Task description
Your answer should be only the lines below from the one with "John McHardy: 'Being" to the one with "Versace Silver Plate", repeated exactly, ends included.

[Opening Records section]

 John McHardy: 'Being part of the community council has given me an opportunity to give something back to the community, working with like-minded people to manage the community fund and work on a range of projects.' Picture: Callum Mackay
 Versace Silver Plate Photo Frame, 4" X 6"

[Closing Records section]
[Opening Records section]

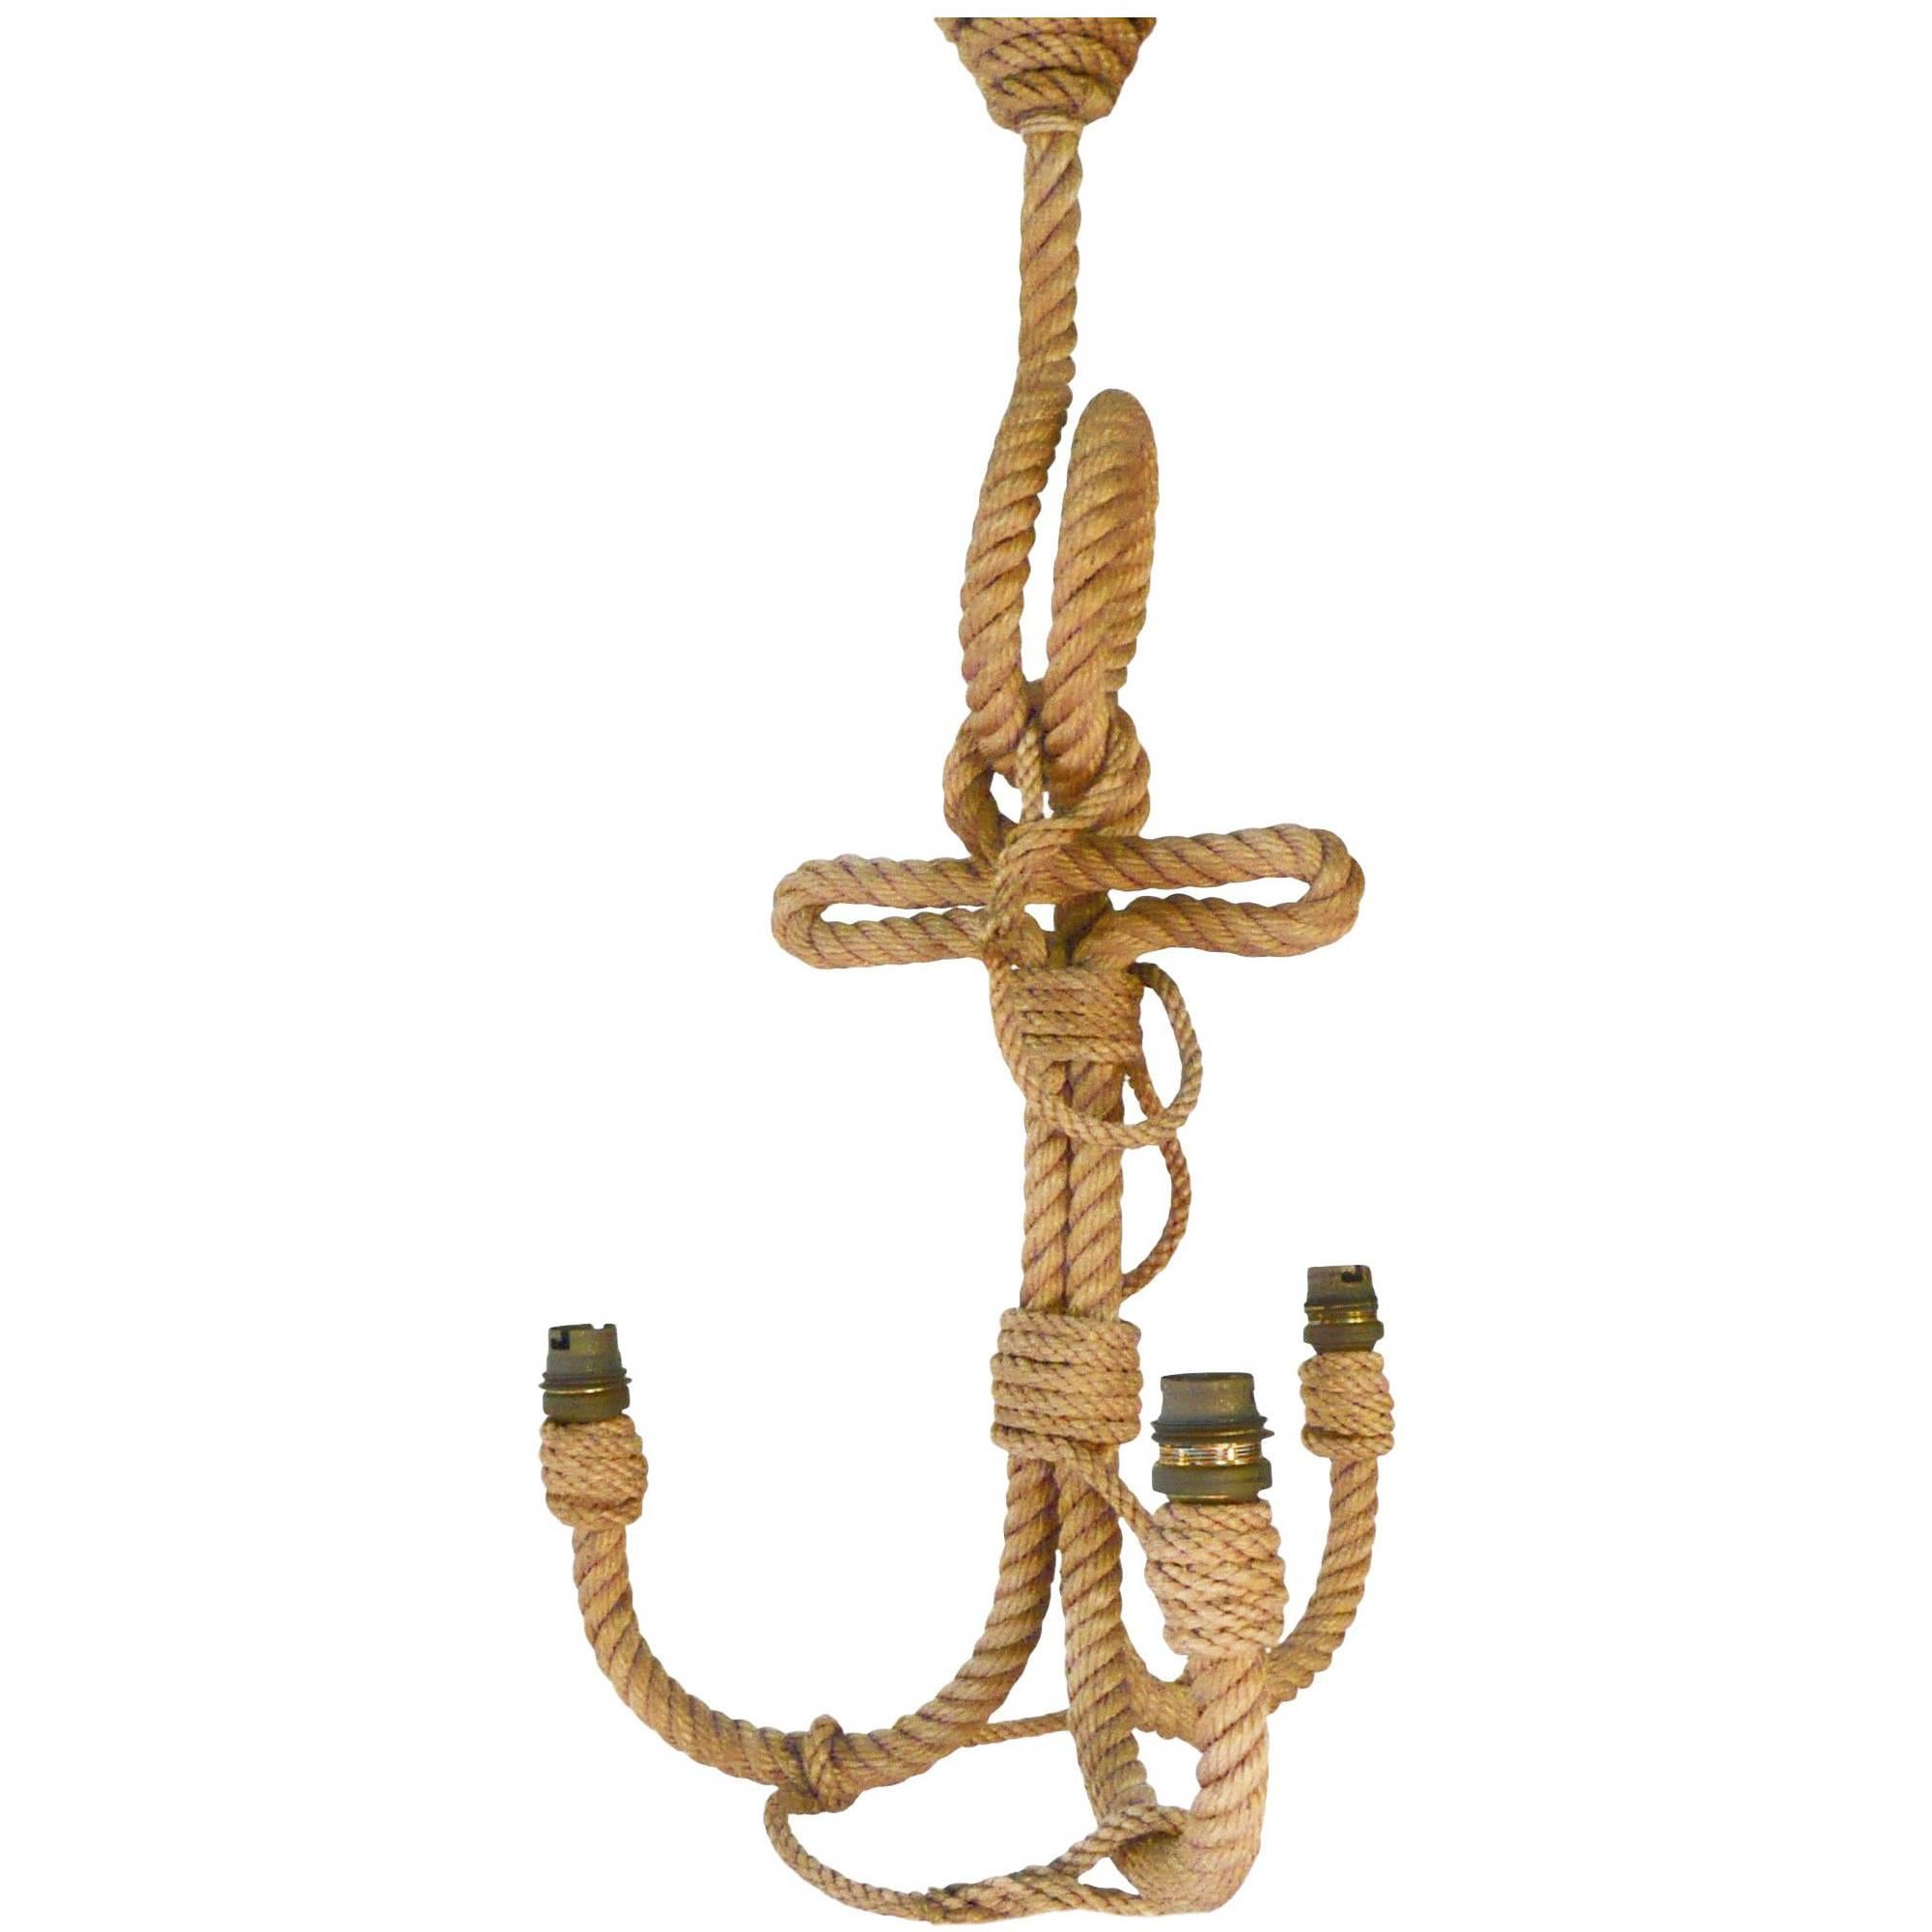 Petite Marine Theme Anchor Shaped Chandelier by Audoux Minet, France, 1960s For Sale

[Closing Records section]

Response
 John McHardy: 'Being part of the community council has given me an opportunity to give something back to the community, working with like-minded people to manage the community fund and work on a range of projects.' Picture: Callum Mackay
 Versace Silver Plate Photo Frame, 4" X 6"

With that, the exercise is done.